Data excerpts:

--

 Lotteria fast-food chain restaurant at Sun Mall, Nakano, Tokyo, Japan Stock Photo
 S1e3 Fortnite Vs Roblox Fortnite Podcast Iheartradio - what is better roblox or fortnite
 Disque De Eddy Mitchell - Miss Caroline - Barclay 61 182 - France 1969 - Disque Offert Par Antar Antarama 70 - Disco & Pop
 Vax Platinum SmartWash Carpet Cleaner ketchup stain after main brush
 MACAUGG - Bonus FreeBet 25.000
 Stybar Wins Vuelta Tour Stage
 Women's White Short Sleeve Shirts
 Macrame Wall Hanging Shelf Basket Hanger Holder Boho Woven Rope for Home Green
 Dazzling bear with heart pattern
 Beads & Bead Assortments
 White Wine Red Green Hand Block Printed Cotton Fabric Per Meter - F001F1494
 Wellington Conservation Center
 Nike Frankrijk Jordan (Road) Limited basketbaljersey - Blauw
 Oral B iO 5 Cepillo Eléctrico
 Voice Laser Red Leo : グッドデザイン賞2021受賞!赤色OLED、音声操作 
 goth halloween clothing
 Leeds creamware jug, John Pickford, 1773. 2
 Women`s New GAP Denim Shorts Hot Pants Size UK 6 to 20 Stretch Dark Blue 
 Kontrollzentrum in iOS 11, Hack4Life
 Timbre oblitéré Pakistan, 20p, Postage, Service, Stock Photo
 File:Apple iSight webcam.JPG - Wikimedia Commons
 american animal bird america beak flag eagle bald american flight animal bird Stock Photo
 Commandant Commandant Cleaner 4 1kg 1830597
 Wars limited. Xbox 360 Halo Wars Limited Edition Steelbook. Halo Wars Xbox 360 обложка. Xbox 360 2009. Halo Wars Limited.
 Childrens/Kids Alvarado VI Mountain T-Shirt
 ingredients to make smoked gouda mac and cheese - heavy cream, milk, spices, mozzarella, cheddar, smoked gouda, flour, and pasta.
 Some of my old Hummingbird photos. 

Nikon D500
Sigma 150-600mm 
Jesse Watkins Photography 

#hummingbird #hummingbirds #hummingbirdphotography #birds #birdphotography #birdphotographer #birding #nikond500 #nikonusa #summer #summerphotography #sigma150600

--

## Instructions to follow
Would you restate every record word for word?

## Response for this exercise
 Lotteria fast-food chain restaurant at Sun Mall, Nakano, Tokyo, Japan Stock Photo
 S1e3 Fortnite Vs Roblox Fortnite Podcast Iheartradio - what is better roblox or fortnite
 Disque De Eddy Mitchell - Miss Caroline - Barclay 61 182 - France 1969 - Disque Offert Par Antar Antarama 70 - Disco & Pop
 Vax Platinum SmartWash Carpet Cleaner ketchup stain after main brush
 MACAUGG - Bonus FreeBet 25.000
 Stybar Wins Vuelta Tour Stage
 Women's White Short Sleeve Shirts
 Macrame Wall Hanging Shelf Basket Hanger Holder Boho Woven Rope for Home Green
 Dazzling bear with heart pattern
 Beads & Bead Assortments
 White Wine Red Green Hand Block Printed Cotton Fabric Per Meter - F001F1494
 Wellington Conservation Center
 Nike Frankrijk Jordan (Road) Limited basketbaljersey - Blauw
 Oral B iO 5 Cepillo Eléctrico
 Voice Laser Red Leo : グッドデザイン賞2021受賞!赤色OLED、音声操作 
 goth halloween clothing
 Leeds creamware jug, John Pickford, 1773. 2
 Women`s New GAP Denim Shorts Hot Pants Size UK 6 to 20 Stretch Dark Blue 
 Kontrollzentrum in iOS 11, Hack4Life
 Timbre oblitéré Pakistan, 20p, Postage, Service, Stock Photo
 File:Apple iSight webcam.JPG - Wikimedia Commons
 american animal bird america beak flag eagle bald american flight animal bird Stock Photo
 Commandant Commandant Cleaner 4 1kg 1830597
 Wars limited. Xbox 360 Halo Wars Limited Edition Steelbook. Halo Wars Xbox 360 обложка. Xbox 360 2009. Halo Wars Limited.
 Childrens/Kids Alvarado VI Mountain T-Shirt
 ingredients to make smoked gouda mac and cheese - heavy cream, milk, spices, mozzarella, cheddar, smoked gouda, flour, and pasta.
 Some of my old Hummingbird photos. 

Nikon D500
Sigma 150-600mm 
Jesse Watkins Photography 

#hummingbird #hummingbirds #hummingbirdphotography #birds #birdphotography #birdphotographer #birding #nikond500 #nikonusa #summer #summerphotography #sigma150600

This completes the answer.